*EXERCISE:*
Give every entry again, exactly.

Top of SOURCE DATA

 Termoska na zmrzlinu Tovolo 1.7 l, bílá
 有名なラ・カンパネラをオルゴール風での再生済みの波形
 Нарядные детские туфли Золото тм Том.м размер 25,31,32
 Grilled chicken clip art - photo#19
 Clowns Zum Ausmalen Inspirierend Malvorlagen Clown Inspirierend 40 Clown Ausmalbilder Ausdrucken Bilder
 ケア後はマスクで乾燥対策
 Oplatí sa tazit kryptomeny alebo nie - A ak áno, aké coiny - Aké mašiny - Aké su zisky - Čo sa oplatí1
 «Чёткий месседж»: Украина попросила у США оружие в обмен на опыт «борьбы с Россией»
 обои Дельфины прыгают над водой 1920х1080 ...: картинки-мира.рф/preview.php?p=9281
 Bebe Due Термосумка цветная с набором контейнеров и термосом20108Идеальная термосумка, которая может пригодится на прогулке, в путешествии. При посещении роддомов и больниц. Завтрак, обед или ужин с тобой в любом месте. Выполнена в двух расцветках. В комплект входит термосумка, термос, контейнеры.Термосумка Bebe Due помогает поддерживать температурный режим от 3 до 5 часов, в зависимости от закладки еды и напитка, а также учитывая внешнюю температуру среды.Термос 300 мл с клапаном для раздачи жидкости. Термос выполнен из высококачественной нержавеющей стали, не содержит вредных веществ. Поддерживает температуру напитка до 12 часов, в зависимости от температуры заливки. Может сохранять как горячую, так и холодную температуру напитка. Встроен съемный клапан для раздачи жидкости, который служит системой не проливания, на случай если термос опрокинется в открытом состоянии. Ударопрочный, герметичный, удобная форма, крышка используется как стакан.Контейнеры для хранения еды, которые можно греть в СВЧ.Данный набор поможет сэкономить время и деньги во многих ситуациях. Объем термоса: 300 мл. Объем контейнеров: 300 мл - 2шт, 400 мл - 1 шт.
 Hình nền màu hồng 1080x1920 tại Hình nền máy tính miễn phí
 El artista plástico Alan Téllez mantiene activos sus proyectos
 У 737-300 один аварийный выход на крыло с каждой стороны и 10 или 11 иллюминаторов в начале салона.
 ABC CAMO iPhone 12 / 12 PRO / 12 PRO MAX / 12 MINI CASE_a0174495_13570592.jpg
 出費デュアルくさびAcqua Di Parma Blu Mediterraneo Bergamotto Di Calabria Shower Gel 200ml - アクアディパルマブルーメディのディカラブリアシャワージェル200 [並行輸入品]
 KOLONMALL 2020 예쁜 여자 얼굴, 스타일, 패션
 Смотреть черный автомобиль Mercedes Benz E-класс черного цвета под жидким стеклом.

Bottom of SOURCE DATA

*COMPLETED EXERCISE:*
 Termoska na zmrzlinu Tovolo 1.7 l, bílá
 有名なラ・カンパネラをオルゴール風での再生済みの波形
 Нарядные детские туфли Золото тм Том.м размер 25,31,32
 Grilled chicken clip art - photo#19
 Clowns Zum Ausmalen Inspirierend Malvorlagen Clown Inspirierend 40 Clown Ausmalbilder Ausdrucken Bilder
 ケア後はマスクで乾燥対策
 Oplatí sa tazit kryptomeny alebo nie - A ak áno, aké coiny - Aké mašiny - Aké su zisky - Čo sa oplatí1
 «Чёткий месседж»: Украина попросила у США оружие в обмен на опыт «борьбы с Россией»
 обои Дельфины прыгают над водой 1920х1080 ...: картинки-мира.рф/preview.php?p=9281
 Bebe Due Термосумка цветная с набором контейнеров и термосом20108Идеальная термосумка, которая может пригодится на прогулке, в путешествии. При посещении роддомов и больниц. Завтрак, обед или ужин с тобой в любом месте. Выполнена в двух расцветках. В комплект входит термосумка, термос, контейнеры.Термосумка Bebe Due помогает поддерживать температурный режим от 3 до 5 часов, в зависимости от закладки еды и напитка, а также учитывая внешнюю температуру среды.Термос 300 мл с клапаном для раздачи жидкости. Термос выполнен из высококачественной нержавеющей стали, не содержит вредных веществ. Поддерживает температуру напитка до 12 часов, в зависимости от температуры заливки. Может сохранять как горячую, так и холодную температуру напитка. Встроен съемный клапан для раздачи жидкости, который служит системой не проливания, на случай если термос опрокинется в открытом состоянии. Ударопрочный, герметичный, удобная форма, крышка используется как стакан.Контейнеры для хранения еды, которые можно греть в СВЧ.Данный набор поможет сэкономить время и деньги во многих ситуациях. Объем термоса: 300 мл. Объем контейнеров: 300 мл - 2шт, 400 мл - 1 шт.
 Hình nền màu hồng 1080x1920 tại Hình nền máy tính miễn phí
 El artista plástico Alan Téllez mantiene activos sus proyectos
 У 737-300 один аварийный выход на крыло с каждой стороны и 10 или 11 иллюминаторов в начале салона.
 ABC CAMO iPhone 12 / 12 PRO / 12 PRO MAX / 12 MINI CASE_a0174495_13570592.jpg
 出費デュアルくさびAcqua Di Parma Blu Mediterraneo Bergamotto Di Calabria Shower Gel 200ml - アクアディパルマブルーメディのディカラブリアシャワージェル200 [並行輸入品]
 KOLONMALL 2020 예쁜 여자 얼굴, 스타일, 패션
 Смотреть черный автомобиль Mercedes Benz E-класс черного цвета под жидким стеклом.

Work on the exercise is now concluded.